40      4     Freelist head pointer
44      4     Freelist count
48      8     Last checkpoint LSN
56      72    Reserved

See ADR-0016 for checksum calculation details.

Format version notes: - v2 adds catalog-encoded column constraints (NOT NULL/UNIQUE/PK/FK) and index metadata (kind + unique flag + optional partial-index predicate SQL). - v1 databases are not auto-migrated; open fails with ERR_CORRUPTION until upgraded.

3.4 Catalog record encoding (v2)¶

Catalog records are stored in a B+Tree keyed by CRC-32C of record names.

Table record: - kind = "table" - name - root page id - next row id - columns encoded as name:type[:flags] with ; separators - flags: nn, unique, pk, ref=parent_table.parent_column

Index record: - kind = "index" - name - table - column - root page id - kind ("btree" or "trigram") - unique flag (0/1)

3.3 Page types¶

B+Tree internal page
B+Tree leaf page
Overflow page (baseline requirement)
Freelist trunk/leaf (or single freelist chain for 0.x)

4. Transactions, durability, and recovery (WAL-only)¶

4.1 WAL frame format (0.x baseline)¶

Each frame appends: - frame_type (u8): 0=page, 1=commit, 2=checkpoint - page_id (u32, valid for page frames) - payload_size (u32) - payload (page image or commit metadata) - frame_checksum (u64, CRC-32C of header + payload) - lsn (u64 monotonically increasing)
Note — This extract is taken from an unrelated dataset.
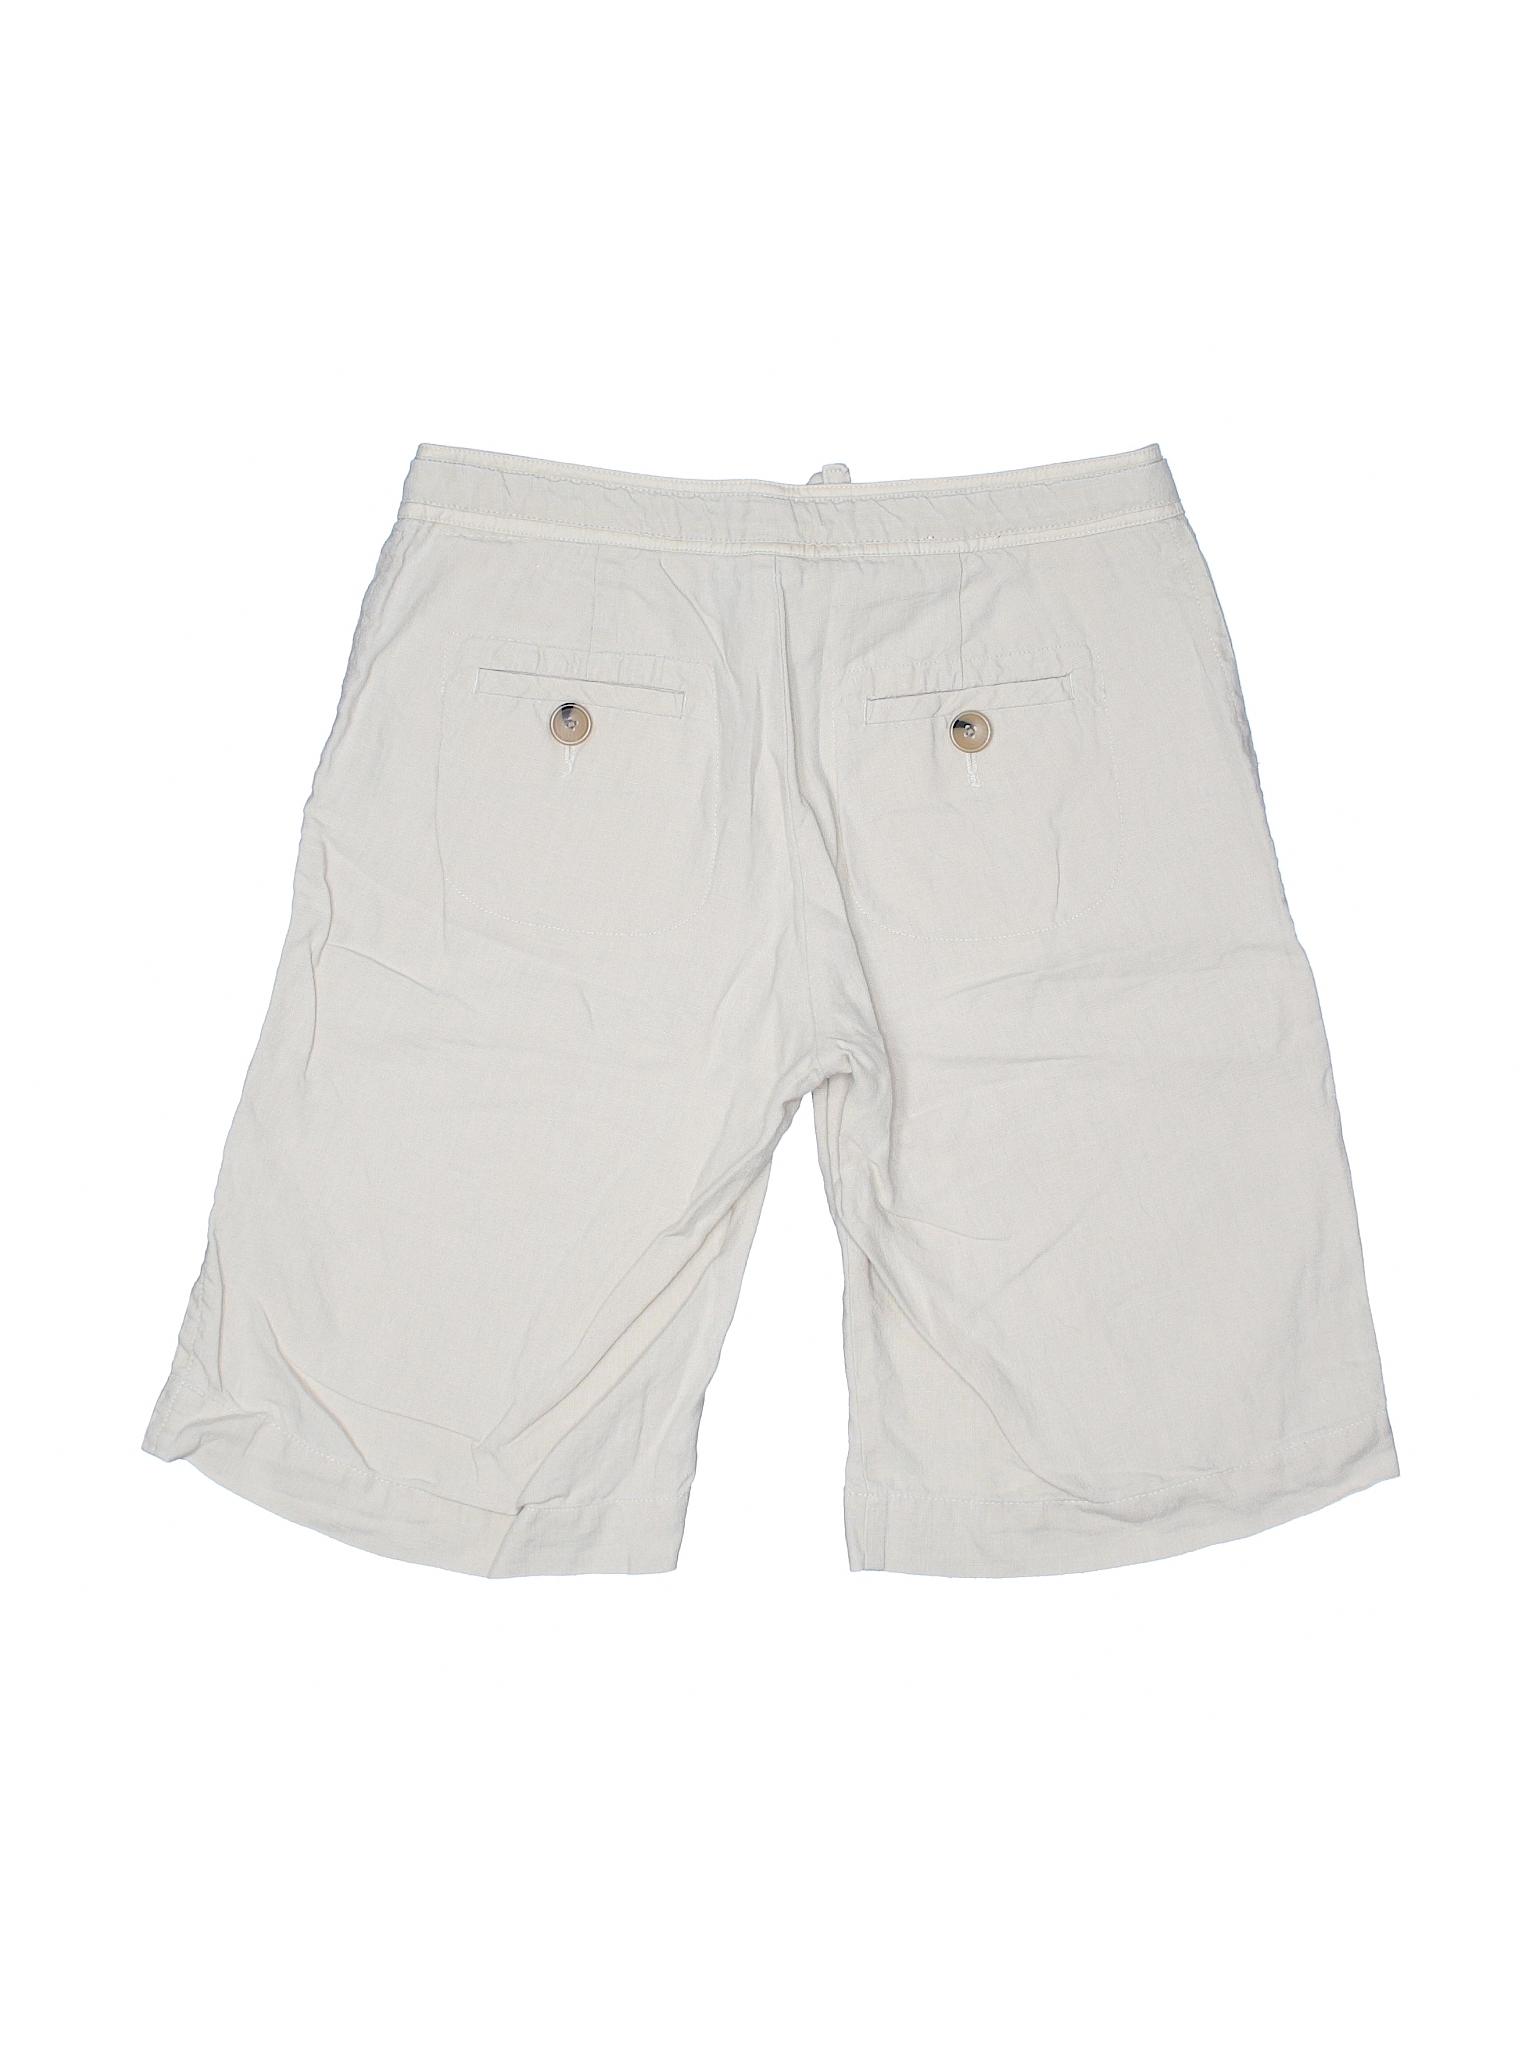 Boutique Khaki Shorts Republic Factory Banana Store vwxqOYva

Frame Types: - PAGE (0): Contains modified page data - page_id: ID of the page - payload: Full page image - COMMIT (1): Transaction commit marker - page_id: 0 (unused) - payload: transaction_id (u64), timestamp (u64) - CHECKPOINT (2): Checkpoint completion marker - page_id: 0 (unused) - payload: checkpoint_lsn (u64)

Commit rule: - A transaction is committed when a COMMIT frame is durably written. - Default durability: fsync(wal) on commit.

Torn Write Detection: - Frame header includes payload_size for validation - Recovery ignores incomplete frames (checksum mismatch or size truncation)

4.2 Snapshot reads¶

On read transaction start: - capture snapshot_lsn = wal_end_lsn using atomic load with acquire semantics (AtomicU64.load_acquire()) - This ensures the reader sees a consistent point-in-time view without acquiring locks - When reading page P: - if wal has a version of P with lsn <= snapshot_lsn, return latest such frame - else return page from main db file

Maintain in-memory walIndex: page_id -> list/latest frame offsets (store latest; optionally chain for multiple versions during long read txns).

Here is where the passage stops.